# Workflow iPad Lightroom CC > external editor and back



## erwinverb (Aug 30, 2018)

Hi everyone,

this is my first post to this forum and what seems to be an extremely knowledgeable community! 

I hope I haven't overseen an existing thread on this topic - but are there people here who have adopted a workflow whereby they edit photos in Lightroom CC on a tablet, then make changes in an external editor (Photoshop, Affinity, ...) on said tablet and import those changes back into Lightroom CC (ultimately LR Classic on desktop)? Is it possible to do all this on the DNG format or will it always revert to a JPG variant?

Much thanks! Erwin


----------



## Victoria Bampton (Sep 7, 2018)

Hi Erwin, welcome to the forum!

External editors will always create a rendered file - like a JPEG or a Tiff - so you will end up with an extra file.


----------



## erwinverb (Sep 7, 2018)

Victoria Bampton said:


> External editors will always create a rendered file - like a JPEG or a Tiff - so you will end up with an extra file.



Thanks for confirming, Victoria!


----------



## mcasan (Oct 10, 2018)

That is why on our recent trip to Kenya the wife and I only import raw files into our iPads, cull, and then later import them to our iMacs using the Image Capture app.    Once the raw files are in a iMac folder we tell Lr to import them, do the renaming, and put them into date based folders.   We only edit in the field with the very limited Lr CC on the iPad if someone wants an edited image before we get home.


----------



## Victoria Bampton (Oct 10, 2018)

mcasan said:


> That is why [...] We only edit in the field with the very limited Lr CC on the iPad if someone wants an edited image before we get home.



What is why?
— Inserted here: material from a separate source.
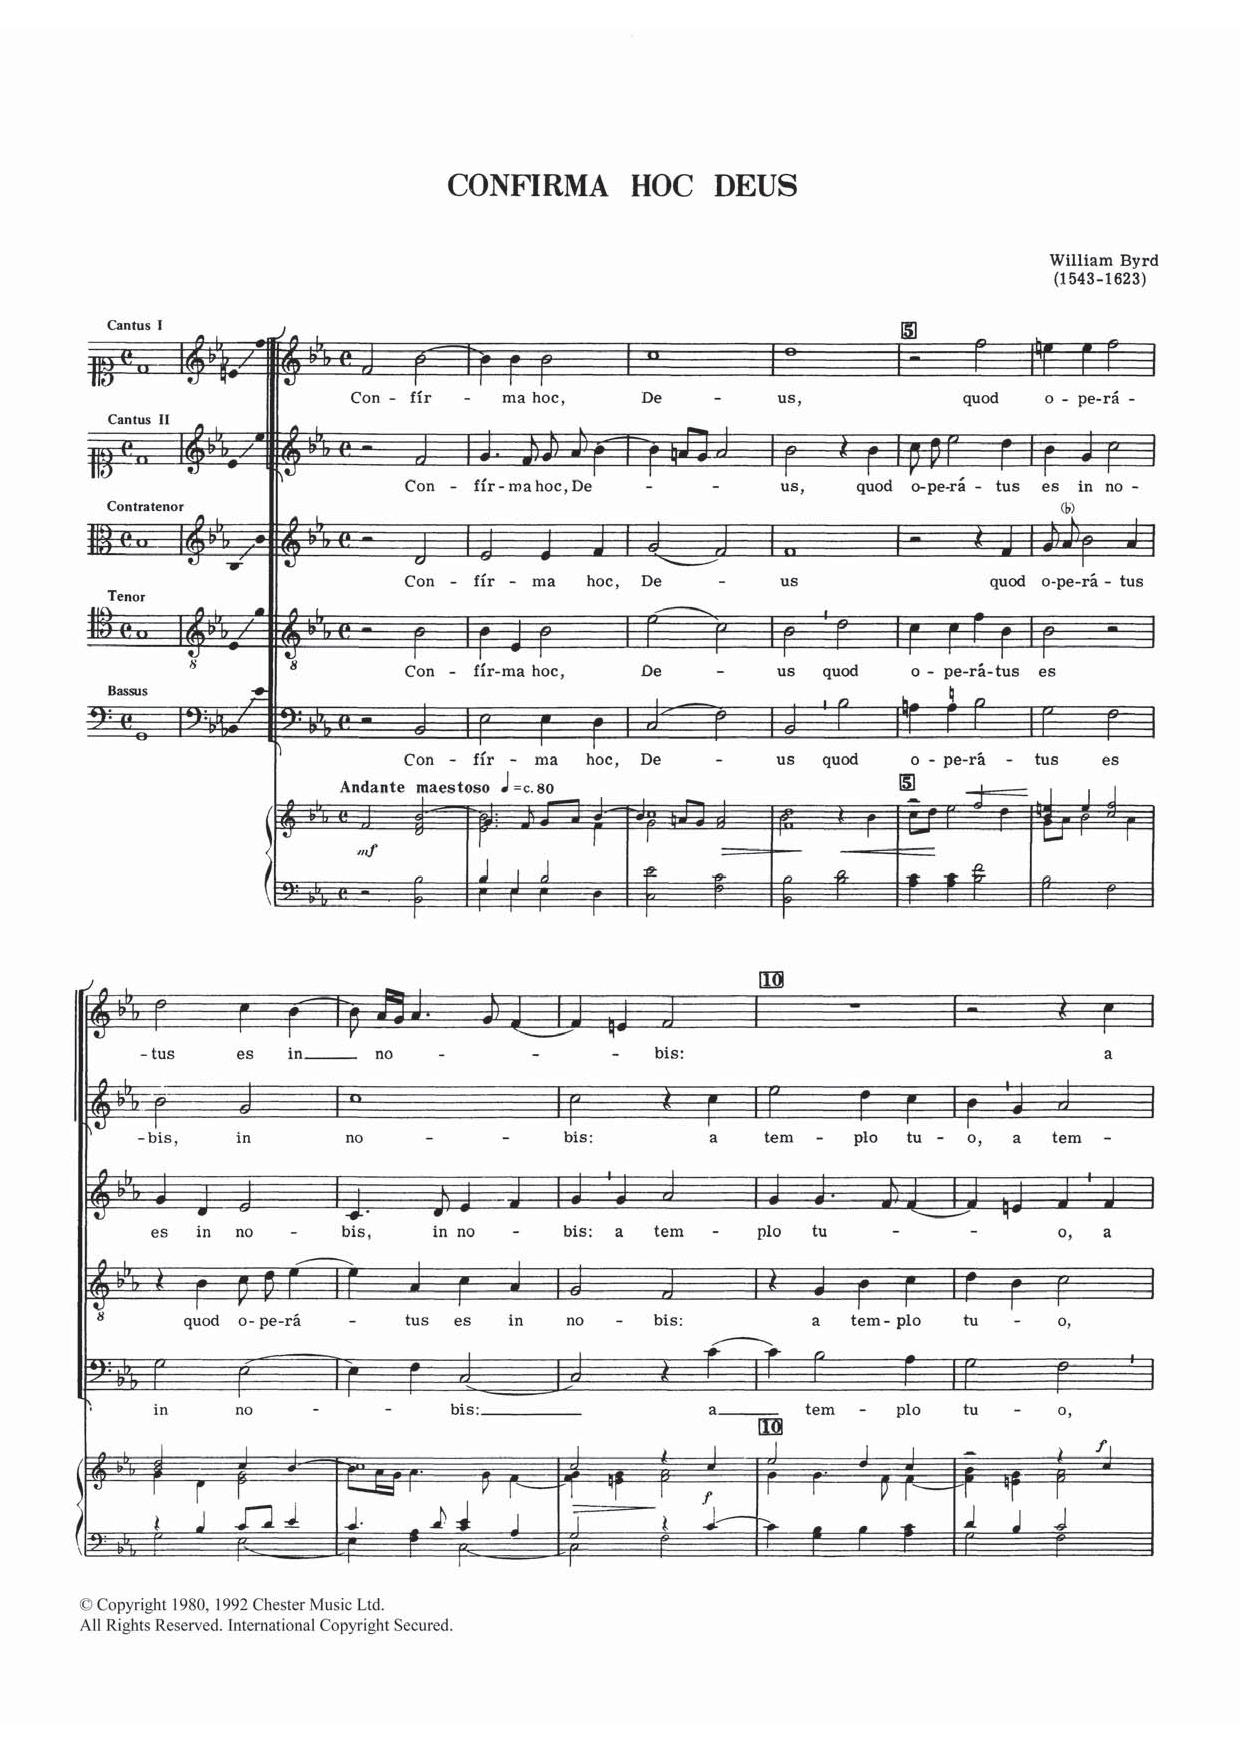 William Byrd Confirma Hoc Deus Sheet Music Notes & Chords for Choral SAATB - Download or Print PDF
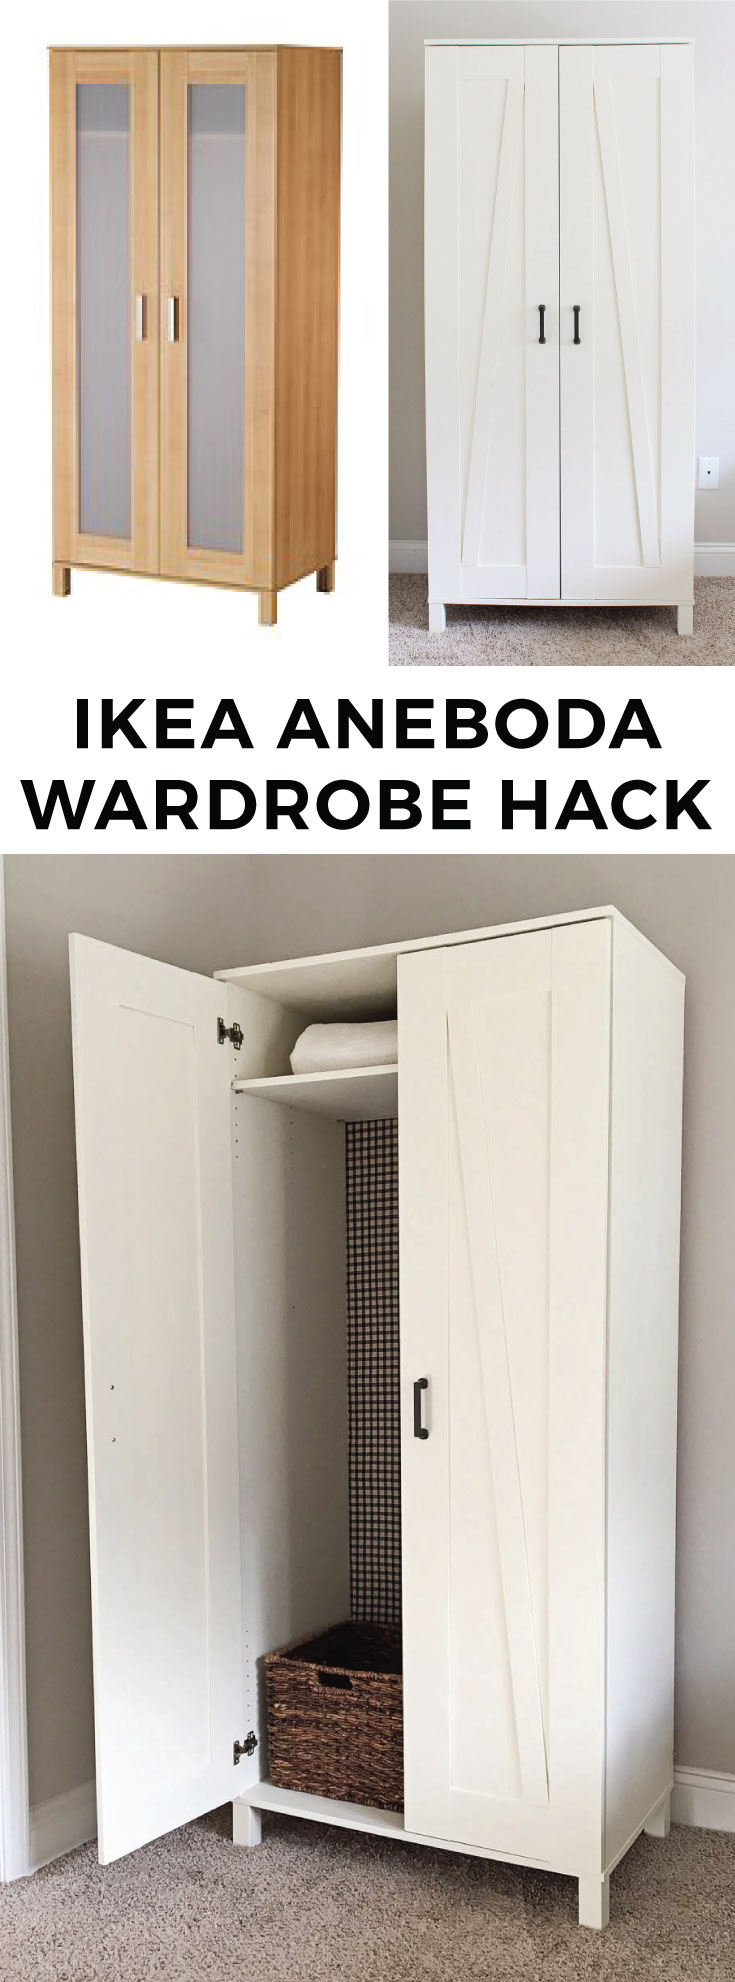 IKEA Hack - Aneboda Wardrobe

Editing in LRCC iPad is non-destructive like CC or Classic on the desktop.


----------



## mcasan (Oct 12, 2018)

non destructive yes.    With the feature parity with Lr Classic....no.   Also no plugins such as Topaz Studio.     For me Lr on iPad is how I show other collections that I have made and edited  in Lr Classic and plugins on the iMac.   For me iPad is for raw file collection in the field and for showing finished images....nothing in between.


----------